One of the surprises of Iran’s failed missile attack on Israel was Jordan’s active role in defending Israel. Jordan explained that it was simply defending its sovereignty against missiles passing through its airspace, but, in fact, Jordan was given a sector where it was supposed to be responsible for downing the missiles and successfully completed the mission. Jordan thus demonstrated its importance to Israel as a buffer between it and Shiite Iraq and as an essential link in stopping the Iranian drive to establish the Shiite crescent around Israel.

Although Jordan is a natural ally of Israel and while relations between the two countries flourished during King Hussein’s reign, reaching their peak in the peace agreements, under King Abdullah’s reign, relations currently are not good, with the main issue of contention being the Temple Mount and Jerusalem in general  .

After Benjamin Netanyahu returned as prime minister, there was a failed meeting in Aqaba between King Abdullah and the prime minister. I was among the organizers of the meeting and learned from my Jordanian sources that the king demanded that Netanyahu respect Jordan’s role on the Temple Mount, but Netanyahu refused to commit.

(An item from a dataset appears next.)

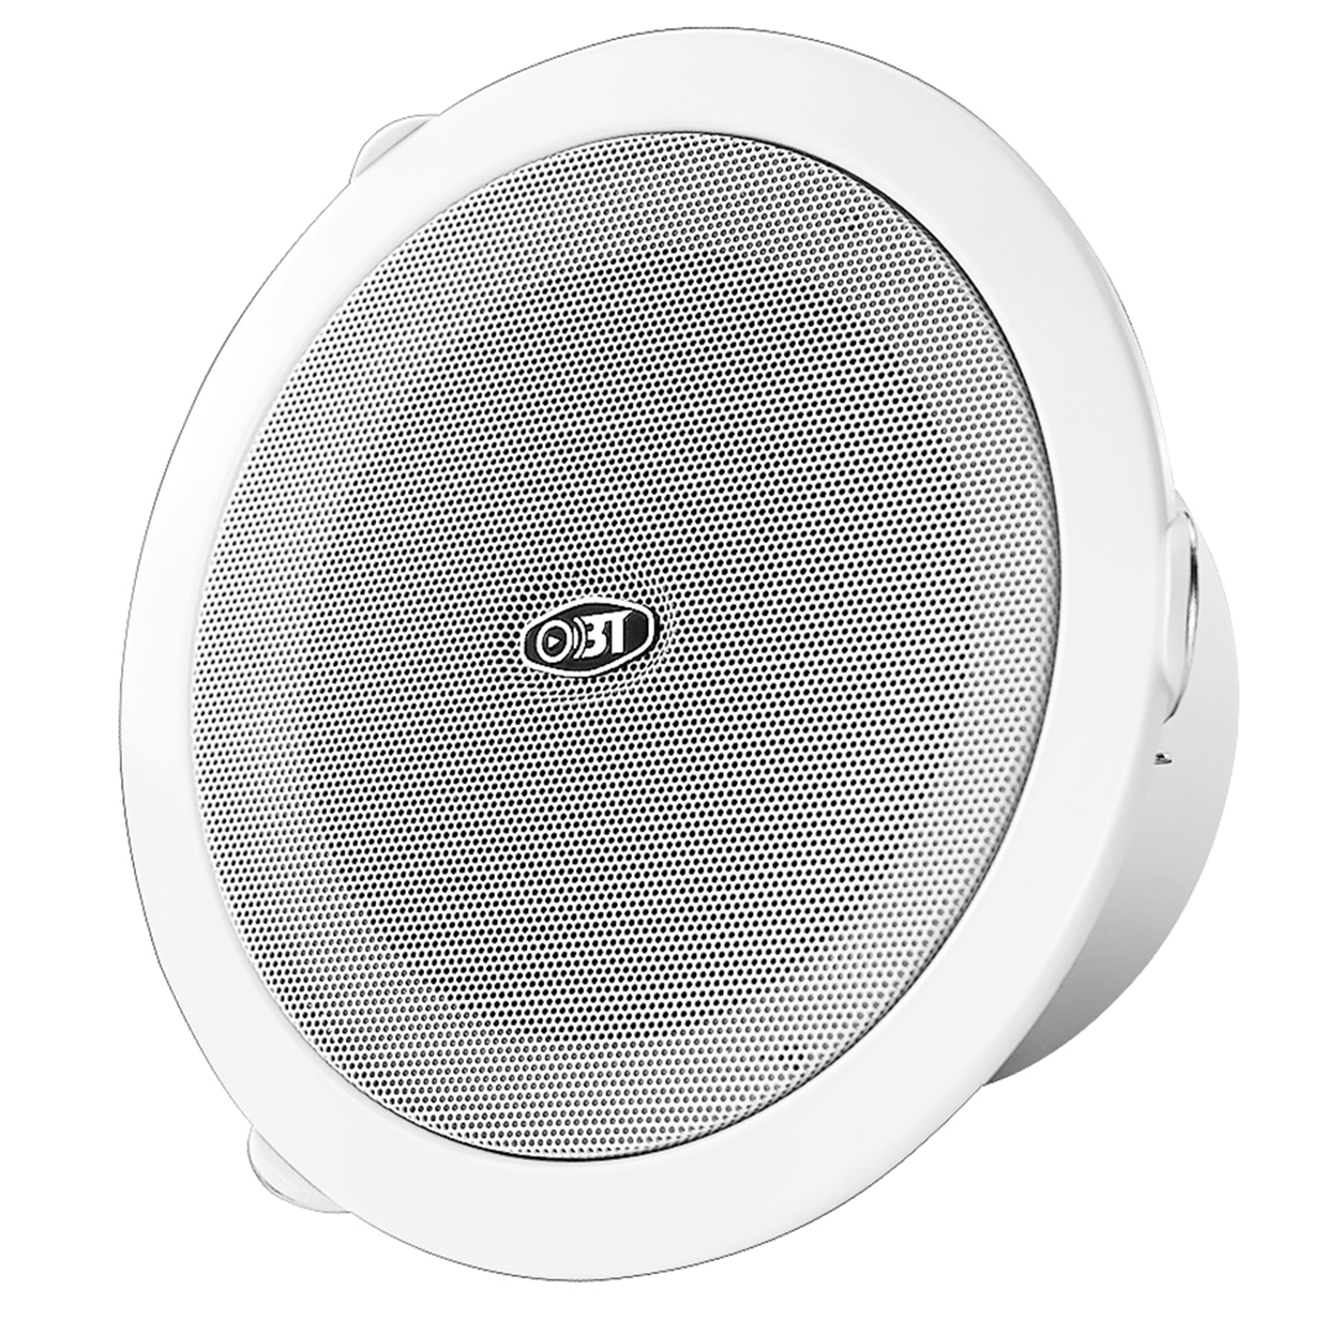 SIP voip speaker manufacturers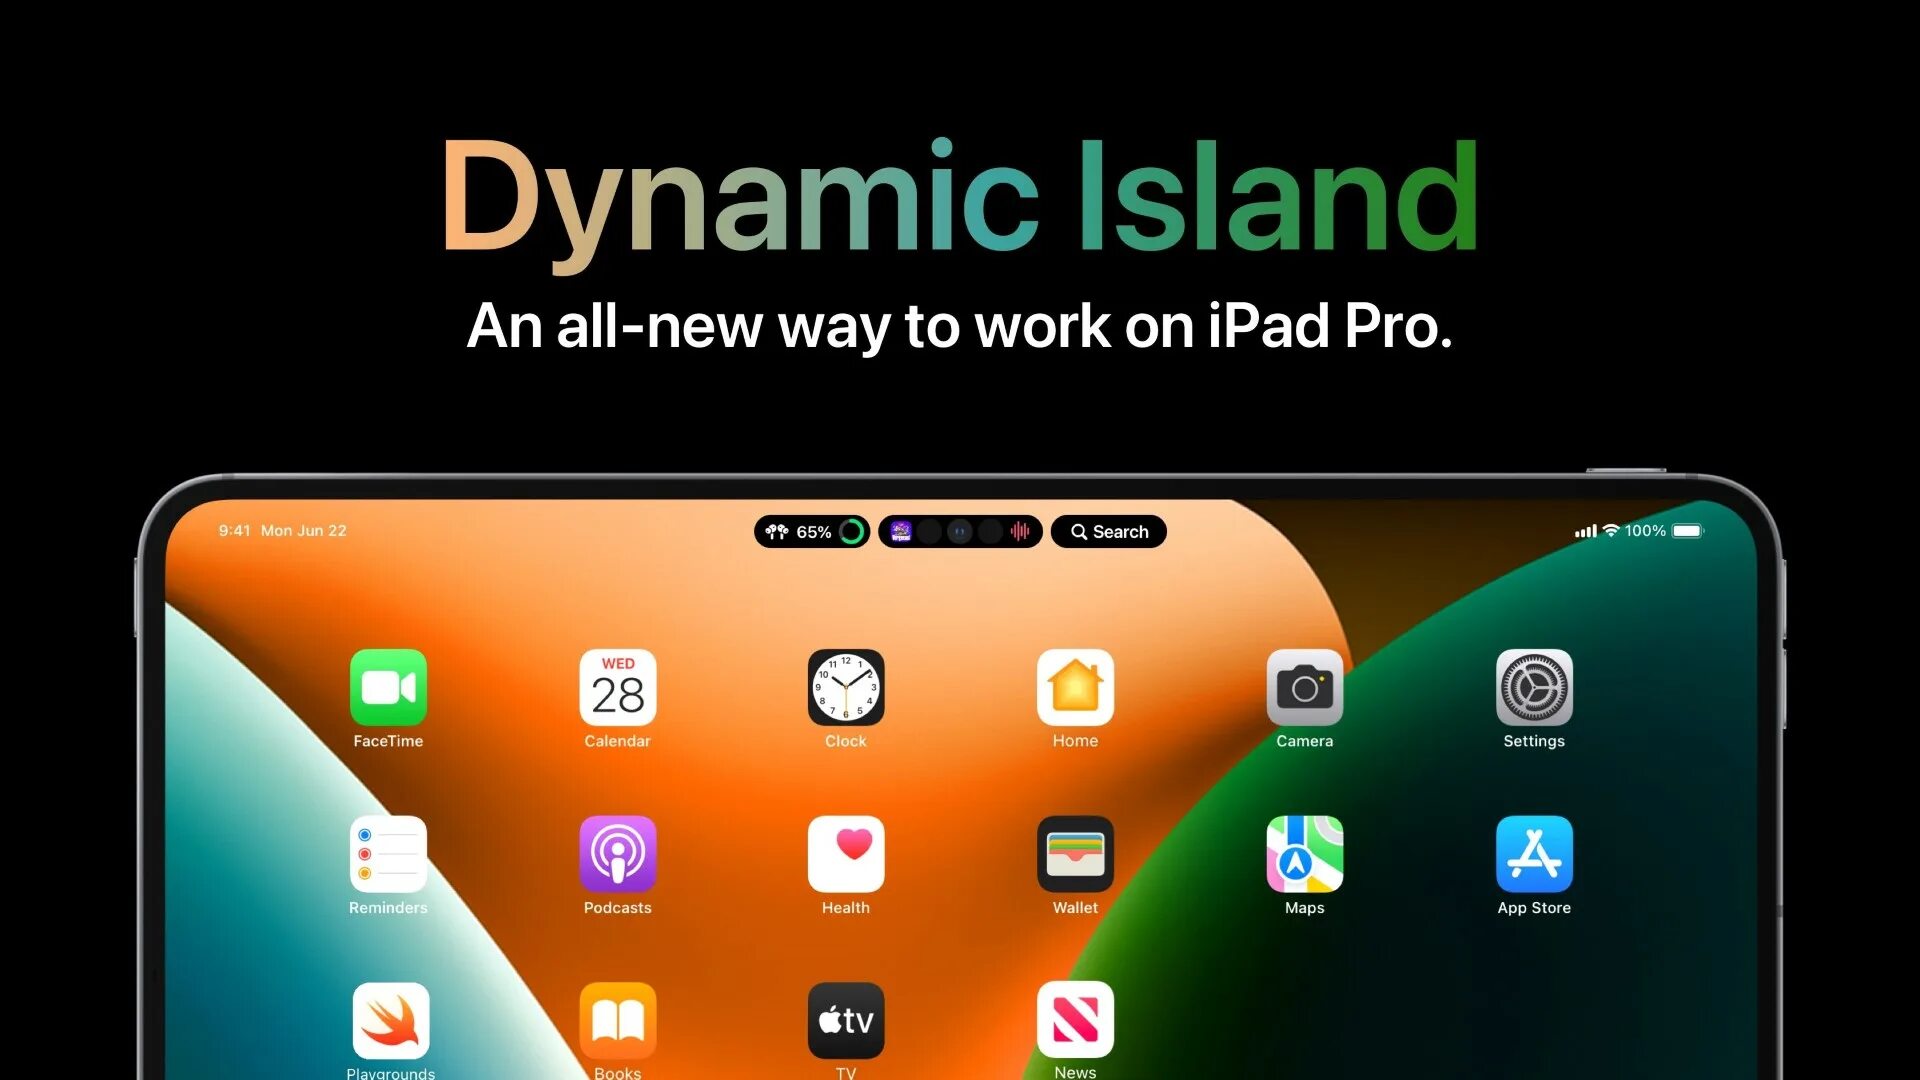 Iphone 14 Pro Dynamic Island. Динамик Айленд айфон 14. IPAD Pro 2023. IPAD Pro Dynamic Island.

The anchor of relations between Jordan and Israel has been the status quo arrangements established on the Temple Mount with the Islamic Waqf immediately after the Six-Day War. The essence of these arrangements was that Israel is responsible for protecting the Dome of the Rock and the al-Aqsa Mosque, but the plaza of the two is under the full authority of the Waqf as a Muslim religious area, while Jews are allowed to ascend to the plaza as visitors but not for religious worship. In contrast, the Western Wall is a fully Jewish area without any ties to Islam.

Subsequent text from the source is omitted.